The global population expands by three people a second, according to International Data Base, an arm of the U.S. Census. In the same second, 38 wireless devices will be sold. At that rate, within 24 months another billion devices will be added to the 2.5 3.3 billion currently in circulation. — Source: USA Today [ed. number of phones corrected]

With 3.3 billion phones in use today and only 6.6 billion people on the planet, it would seem like growth would slow down, but instead the number of mobile phones being sold continues to increase. There are a couple of reasons for this.

First, in many countries in the world, mobile services are over subscribed because people have both a home and a work cell phone. Italy, for example, has a 140% subscription rate. Therefore, while there are 3.3 billion phones in use, there are not 3.3 billion people with mobile phones.

Second, many developing countries have eschewed building the costly infrastructure required to support land lines and have instead focused on building mobile networks. Recycled phones from other countries are often sold or given away in developing countries.

So we have a very large market and one that continues to grow. What does this mean in real dollars? Again, we turn to Tomi T Ahonen:

The total service revenues for mobile already passed 720 billion dollars last year (Informa Jan 2006). Toss in another 100 billion for handset sales and some more for network infrastructure and we’re at a total industry of over 875 billion in size by 2007 – well on target to hit a trillion dollars as an industry by the end of the decade.
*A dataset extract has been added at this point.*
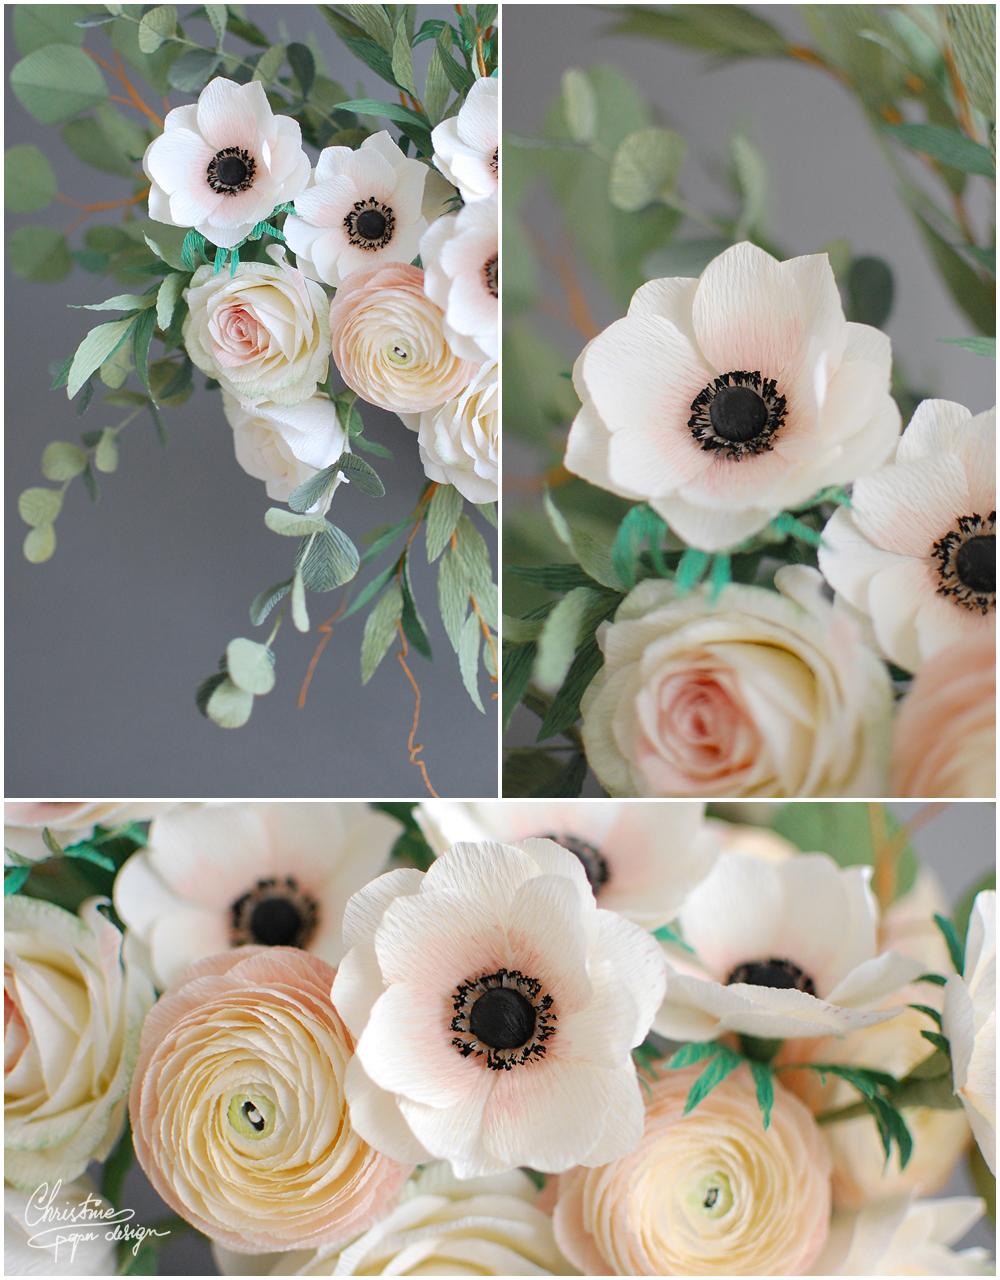 Christine paper design -anemone

Tomi also asserts that SMS alone accounted for 100 billion in revenue last year. That is as “big as total Hollywood box office, total Hollywood DVD sales and rentals, total music industry revenues and total videogaming software revenues in 2007 – combined.

If that doesn’t cause you to sit up and take notice, I don’t know what will.

What we have with mobile phones is the largest media market in the world by a long shot and a market that is continuing to grow.

So why aren’t more businesses working on their mobile strategies? To answer this question, we’ll take a closer look at both the history of the mobile phone and the parallels to the ’90s Internet expansion in future posts.

It’s a Mobile Web! We Just Don’t Realize It Yet.

Friday, February 8th, 2008

This post kicks off a multi-part series on the mobile web that previews some of the topics for my presentation next week at the Portland Web Innovators Forum.

Why do I choose to describe myself as a mobile evangelist in addition to my more practical titles of web developer and strategist? Because it’s a mobile web. Most people just don’t realize it yet.

I understand why people might ignore or dismiss the mobile web. I remember attending Web Visions a few years ago when the theme was digital convergence. I listened to a speaker paint a wonderful vision of mobile devices that were always connected and communicated to our televisions and toasters.

This wonderful mirage would fade the moment I turned on my cell phone. My phone couldn’t talk to my television. I had trouble simply getting news. The much talked about mobile web was a joke.

That was then. This is now. Or if you want to put it in other terms, that was BI (before the iPhone). This is AI—After the iPhone.

Yet, we’ve all heard the siren call of the mobile web for years. It is no wonder that people doubt whether or not the mobile web is for real this time.

That’s why I’m a mobile evangelist. We need more people spreading the word.

I believe that anyone who takes the time to understand these factors

  • the total size of the mobile market;
  • the rapid growth of the mobile market;
  • the similarities between the mobile web now and the early days of web growth; and
  • the role the iPhone plays as a harbinger of a new generation of mobile phones

will understand why Eli Harai, CEO of Sandisk, recently said, “Wireless is the mother of all markets.”

And once you understand this to be true, then you start to see the ways that this mobile transformation will challenge your business and the opportunities it presents.